The aurora borealis, or northern lights, is a common sight at north polar latitudes. The name aurora borealis comes from Latin and Greek. Aurora was the ancient Roman goddess of the dawn, and the ancient Greek name for the north wind is “boreas.” The corresponding occurrences in the southern polar skies are the aurora australis.
Extreme aurora light shows are caused by a coronal mass ejection, or CME, from the sun that causes a severe geomagnetic storm. Such storms are not uncommon. The sun spits out hot electromagnetic plasma from sunspots all the time, and the burps from within the blazing interior of the sun’s nuclear furnace vary in intensity. Fortunately, most CMEs are not aimed at Earth, so the vast majority of them miss us.
The plasma from a CME creates the aurora by doing naturally to Earth’s atmosphere what we do artificially to produce neon signs and television pictures.
When atoms and gas molecules at low pressure are energized by electrically charged particles, they absorb certain amounts of energy that correspond to transitions of electrons to higher energy levels within the atoms.
Eventually the energized electrons fall back to a lower energy level, emitting light with the same bar code of wavelengths that they absorbed. We see the emitted light as colors that are a mixture of the various wavelengths. Each gas has a unique spectral signature.
For example, neon gas emits almost entirely wavelengths of red light, so it is used in red signs.
To make a neon sign, electricity energizes a glass tube containing neon gas at extremely low pressure. Electrons stream through the tube, causing the neon atoms to jump up and down between energy levels and emit light.
Although we call all such glowing tubes “neon” lights, the different colors are mixtures of various gases designed to produce the desired colors.
It is not only during CMEs that the sun emits plasma particles. The particles continuously emanate in all directions at very high speeds — an average of almost 1 million mph! This “solar wind” pervades the solar system and pushes the tails of comets away from the sun, among other things.
Earth’s magnetic field deflects the relatively steady solar wind to form a magnetic shock wave called the magnetosphere.
The solar wind flows around the magnetosphere like a stream flowing around a rock. It stretches and elongates the magnetosphere into a raindrop shape with a long tail trailing away from Earth on the side away from the sun.

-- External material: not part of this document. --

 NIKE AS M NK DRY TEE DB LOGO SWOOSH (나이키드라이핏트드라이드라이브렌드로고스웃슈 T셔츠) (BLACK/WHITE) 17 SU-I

The accelerated solar wind ions spiral along Earth’s magnetic field lines, constrained like beads on a wire. In the upper atmosphere, the magnetic field lines converge toward the north and south magnetic poles, where they become nearly perpendicular to the surface. Energized ions traveling along the field lines collide with atoms and molecules of oxygen and nitrogen in the thin upper atmosphere and produce light.
Oxygen emits green and, less frequently, deep red light. Nitrogen is responsible for blue or purplish-red light that produces the purple-tinged lower borders and rippling edges of the aurora.
From Earth the aurora appears as colorful curtains and rays of light that dance across the sky, but from space they appear as bright symmetric ovals centered on the northern and southern magnetic poles and extending outward toward the equator, gradually diminishing in intensity.
We will likely not see the aurora as far south as Hawaii, but their shows have enchanted viewers at higher latitudes from prehistoric times. It is a real treat to see it from the far north as I did from northernmost Norway last month.